I am not an extrovert, but I couldn’t imagine myself working a job where dealing with people wasn’t part of the norm. In many ways, I need people. For a variety of reasons. Yet by the time I’m off work, driving home, and settling in to another night alone, I wish for nothing to infringe on my precious solitude.
In 2011-2012 I lived with my best friend, back when I was doing entry-level accounting and making $12 an hour. Rent for that apartment wasn’t bad at all, like $450 apiece, so it’s natural why Trey and I spent such a bulk of our free time gambling at the casino. It isn’t like we had that kind of money; we just didn’t have many reasonable places to spend it.
It’s only now that I realize Trey is the only person, at least as long as I’m unmarried, that I’m capable of living with. In spite of our vast differences on the surface, he is the person I least have to alter my lifestyle for. He knows I’m into sports and politics, and I know he’s into cars and Snapchat. Other than that, we agree on most of the big issues, and we share a love for money and gambling. It’s as simple as that.
Otherwise, the thought of permanently living with someone is how I feel about carpooling: I just hate having to rely on anybody, ever. And to a large degree I would rather others not have to rely on me. Not unless I, you know, give a shit about that person and know that said person gives said shit about me, too.
I was thrilled to get my driver’s license when I was 16, because I felt what true independence was for the very first time. All of a sudden the world got smaller, and there was power in that.

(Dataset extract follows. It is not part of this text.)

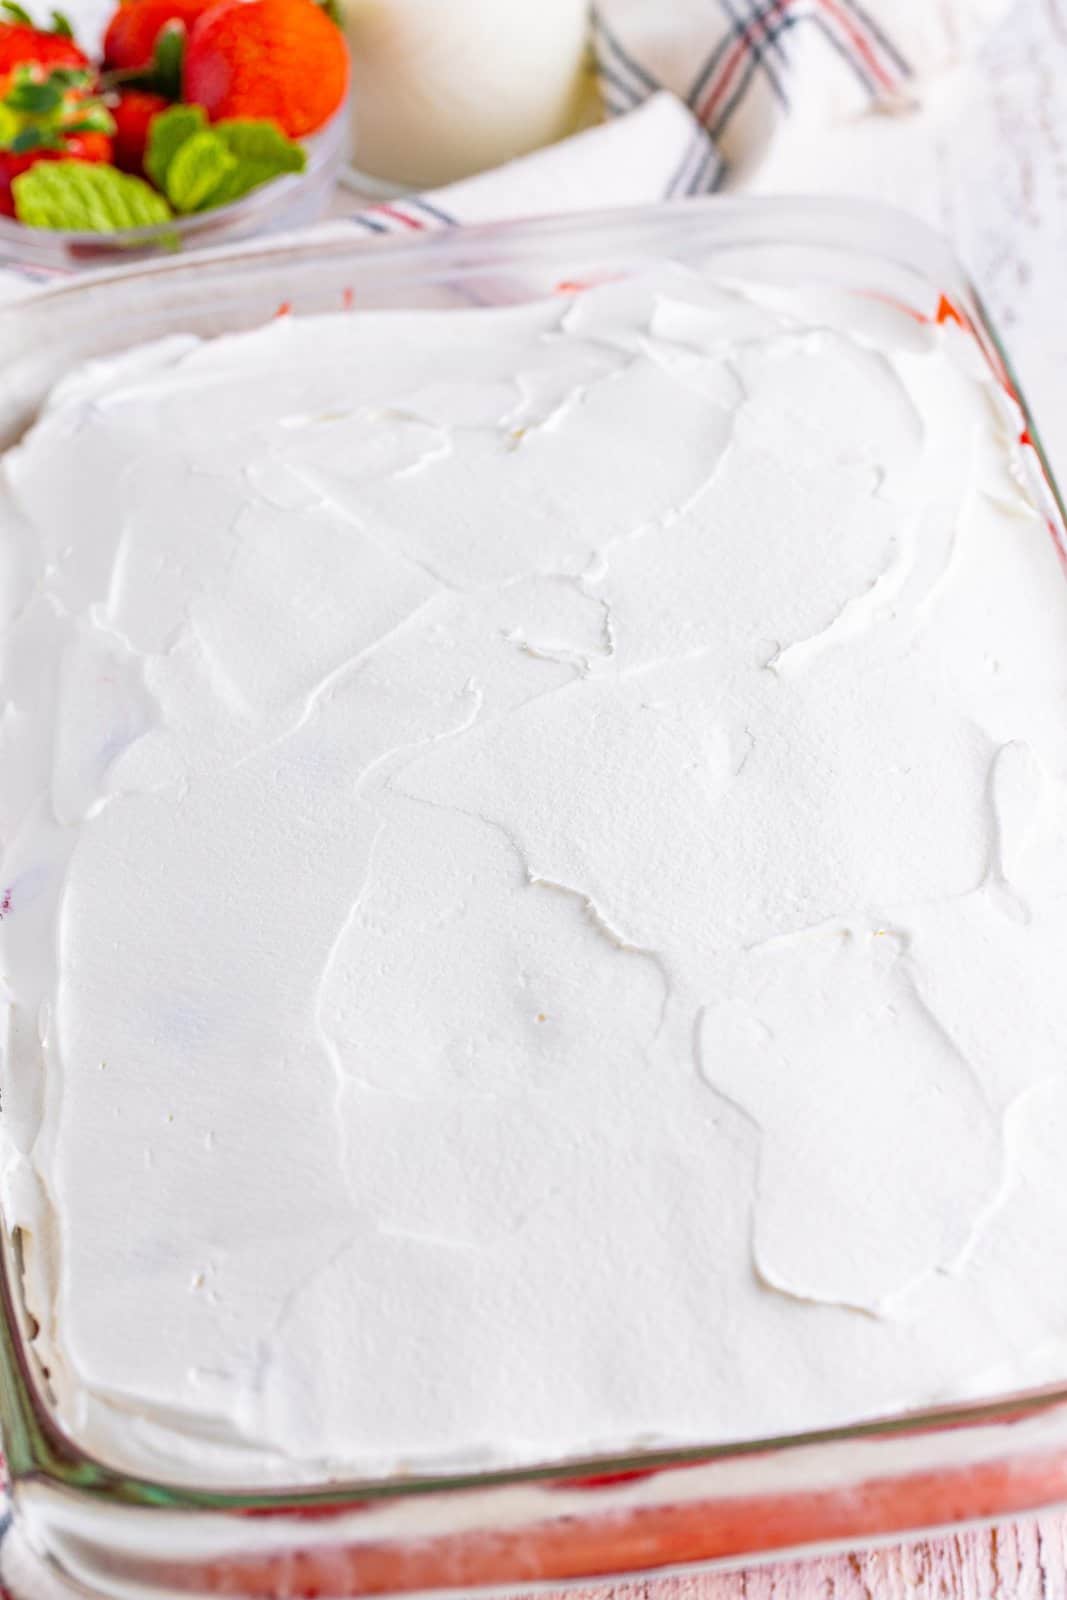 Whipped topping on a cake in a baking dish.

When I was 18 I flew across the country to dorm at Virginia Tech, and the same type of feeling was there. At times I’ve really believed anything is possible.
But recently is the first I’ve truly been on my own. Yeah I can drive and yeah I can go from coast to coast, but I’ve always had people on the other end of my destination. It’s always been a two-way street.
That’s different now. I go to work and deal craps, and I’m flooded by a constant two-front war among customers and coworkers.
So it’s nice to come home to nothing.